Р. Эммонс [2004, с. 18] пишет о том, что духовность предполагает собой определение своего места в развивающейся Вселенной. Она отражает потребность включить свою конечную жизнь в грандиозный всеохватывающий нарратив. Под нарративом Р. Эммонс [2004, с. 42] имеет в виду сюжет, историю, которую люди создают для того, чтобы придать своей жизни ощущение смысла и цели. Эта история приводит сферу личностных черт, стремлений в более или менее согласованное единство.

Приведенные выше примеры иллюстрируют доминирование в иерархически организованной структуре ценностных ориентаций личности родителей витальных и/или аффилиативных ценностных ориентаций над духовными и последствия этого для воспитания детей в семье.

На первый взгляд упомянутые выше методики носят диагностический характер – помогают установить насколько высоким или низким является социально-воспитательный потенциал семьи. Однако использование их побуждает родителей к рефлексии по поводу того, насколько они эффективные воспитатели, насколько они компетентны для того, чтобы оказать помощь своему ребенку в проблемах его социализации, насколько они способны обосновать свои требования по отношению к ребенку. Описанные выше ситуации при знакомстве с ними сами по себе выступают в роли мощных стимулов, побуждающих родителей задуматься насколько компетентными воспитателями они являются. Когда я в процессе беседы реконструирую основные параметры ситуации, родителям зачастую становится ясна подоплека ситуации. Таким образом, речь здесь идет не только об алгоритмах диагностики, но и, одновременно, об алгоритмах оказания воздействия. Это как раз тот случай, когда «консультант работает вопросами, а не ответами», что с точки зрения Ю.М. Жукова [Методы…, 2004, с. 186], как нельзя лучше характеризует тот способ, который следует использовать психологу-консультанту, прилагая усилия к решению проблем. При условии, что консультант будет слушать и слышать ответы, понимать смысл этих ответов [там же].

Конструктивный смысл родительско-юношеских конфликтов, в основе которых лежит девиантное поведение ребенка (если в основе конфликта лежит низкий социально-воспитательный потенциал семьи) отображен в динамике, представленной на рис. 3.

 

Рис. 3. Динамика родительско-юношеских конфликтов, в основе которых лежит девиантное поведение ребенка, в случае, если в основе конфликта лежит низкий социально-воспитательный потенциал семьи, отражающая конструктивный смысл этих конфликтов.

Как видно из рис. 3, смысл этих конфликтов состоит в том, чтобы родители в большей степени начали опираться на духовные ценности в попытках помочь своему ребенку стать на путь нормативно заданной социализации. Этот рисунок также отражает те типичные ошибки, которые родители, постепенно продвигаясь к верному решению, совершают.
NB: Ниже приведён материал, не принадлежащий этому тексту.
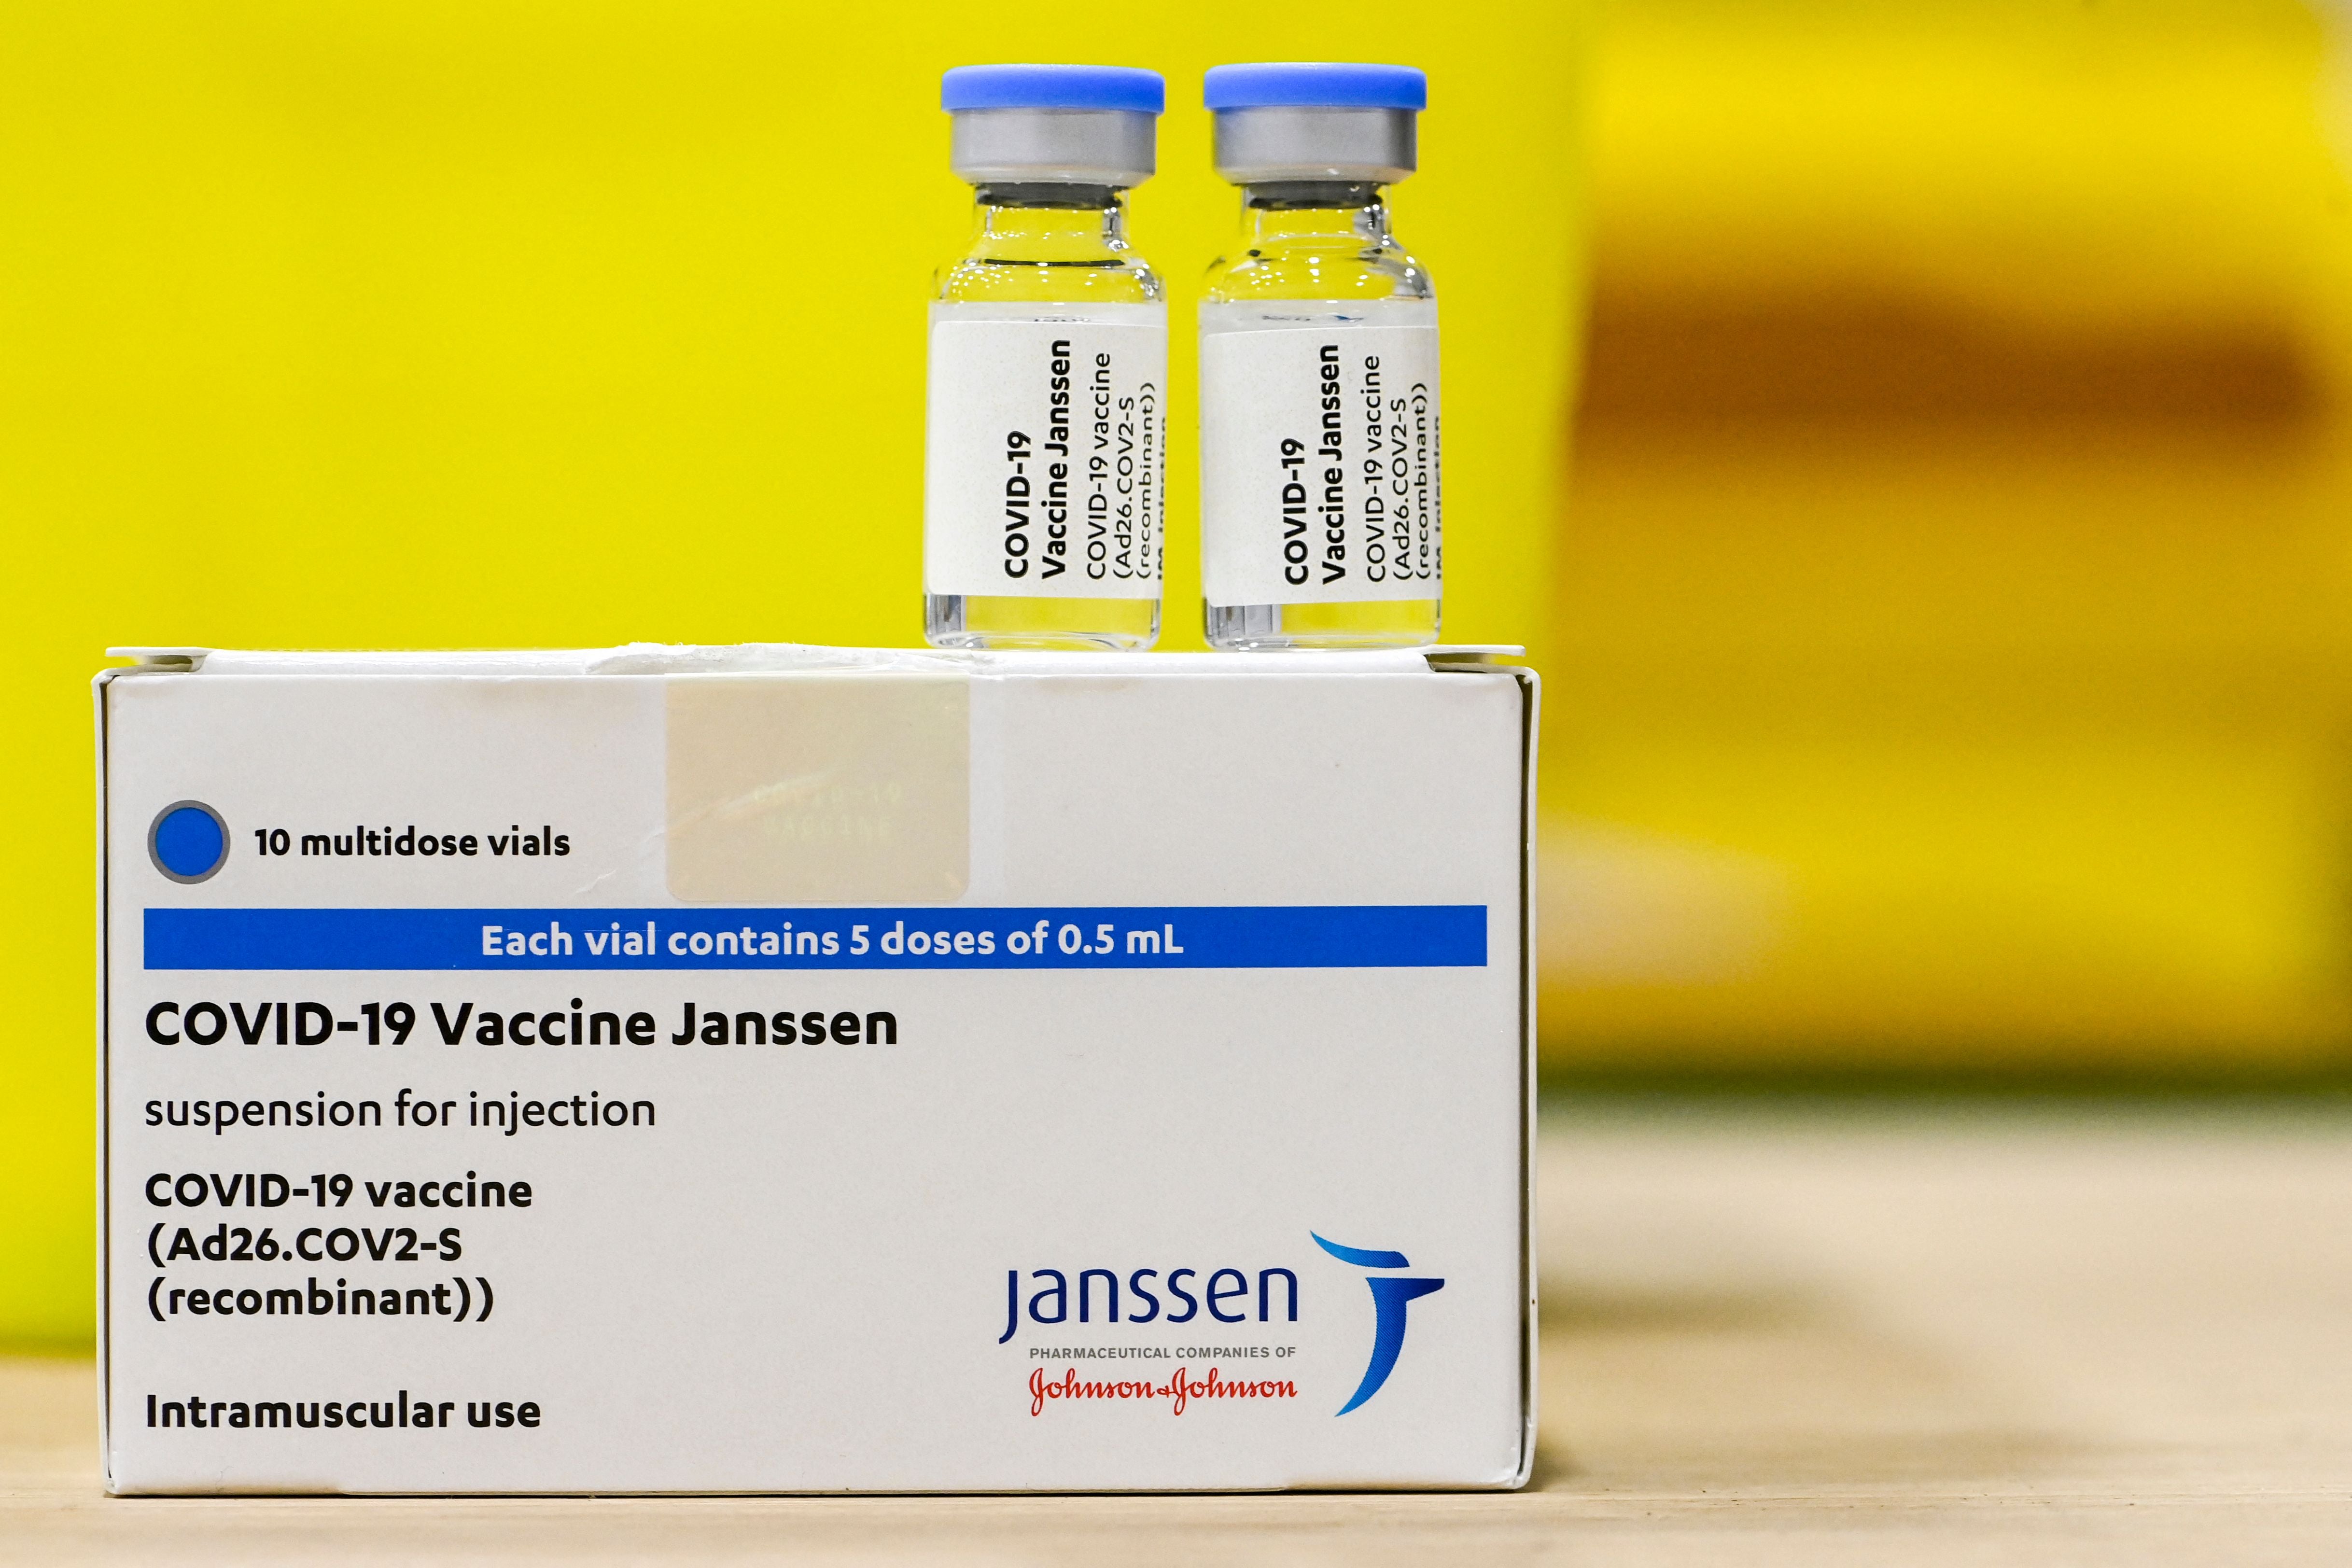 The Janssen jab has been shown to be 67% effective at preventing moderate to severe Covid-19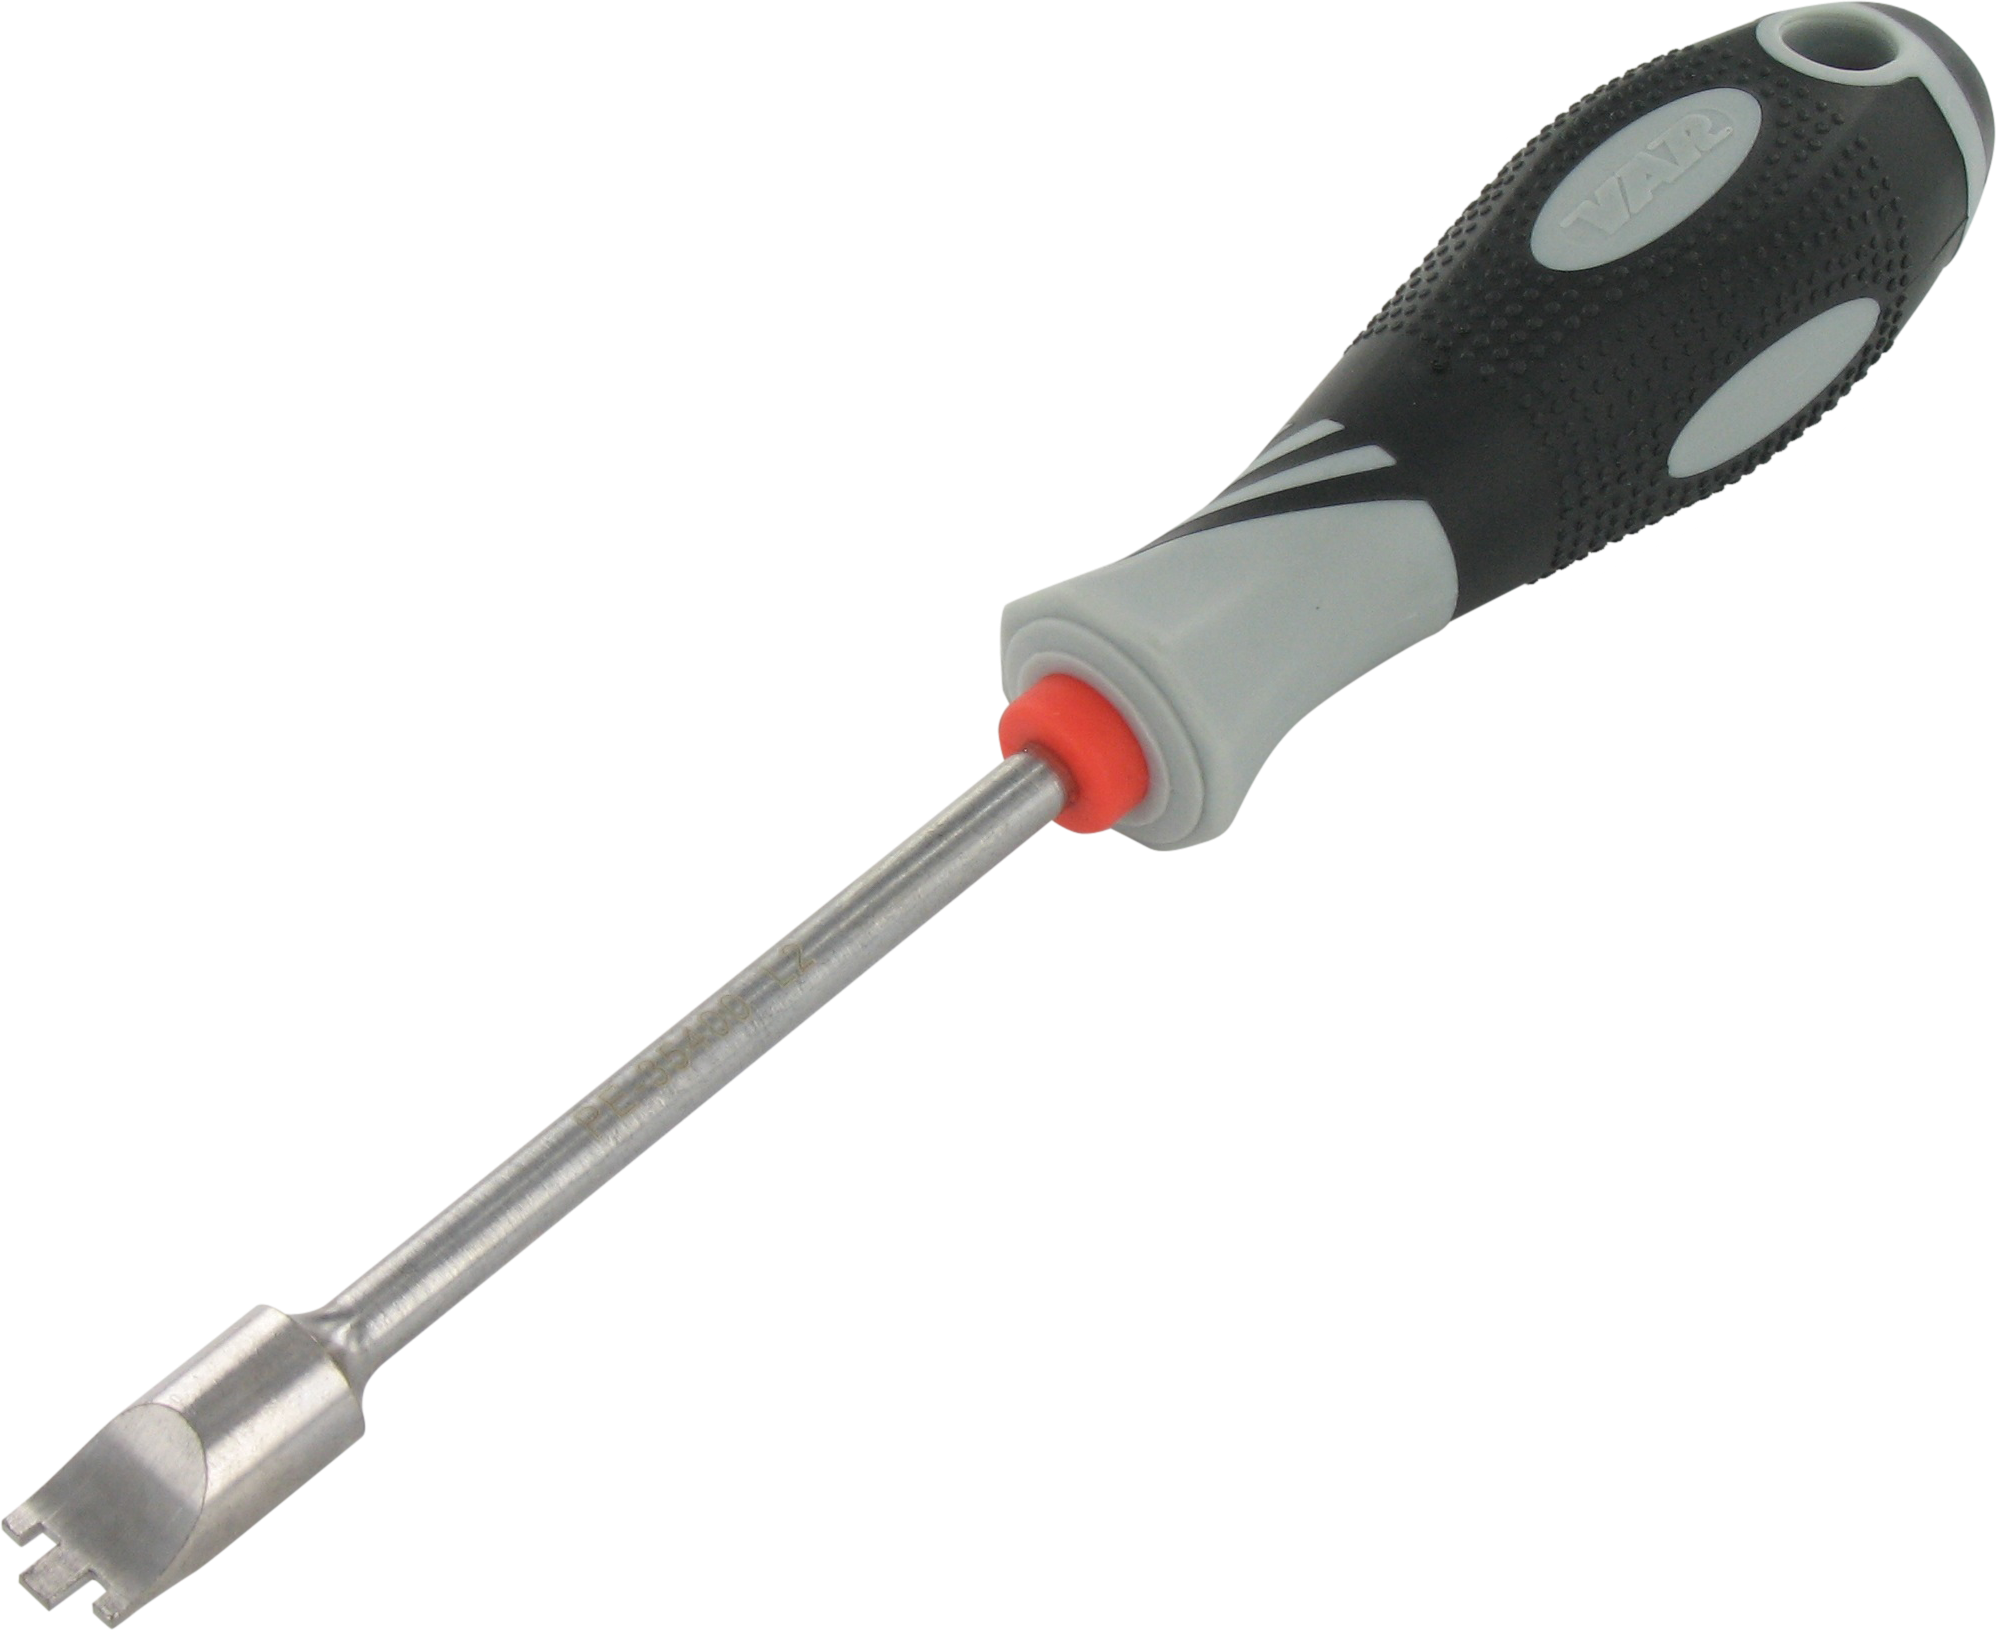 red screwdriver - /tools/hand

Для помощи родителям применительно к ситуации низкого социально-воспитательного потенциала семьи мной была разработана специальная методика, которую я назваю методикой наращивания социально-воспитательного потенциала семьи.

Когда я говорю о социально-воспитательном потенциале семьи, то имею в виду, что этот воспитательный потенциал семьи накапливается из общества, из достижений людей, которые закреплены в достоянии общества – книгах, кинофильмах и так далее. Общество можно рассматривать как хранилище социально-воспитательного потенциала. Семья же может его аккумулировать и реализовывать, а может и не делать этого. Наращивать социально-воспитательный потенциал семьи значит обратиться к достоянию общества – к материалам культуры. Это предполагает, что родители оттуда будут черпать этот потенциал и использовать его в своем воспитательном диалоге с ребенком.

Согласно разработанной мной методике наращивания социально-воспитательного потенциала семьи, первым этапом работы является прекращение всяких форм насилия, давления со стороны родителей по отношению к ребенку, которые лишь усугубляют родительско-юношеский конфликт и девиантное поведение ребенка. Критерием прекращения давления является полное отсутствие в отношениях между родителями и детьми всего, что могло бы раздражать ребенка. Если это условие выполняется, то через некоторое время в доме устанавливается относительная тишина, которая дает всем членам семьи ощущение убежища и безопасности. У ребенка появляется возможность дома додумать свои мысли.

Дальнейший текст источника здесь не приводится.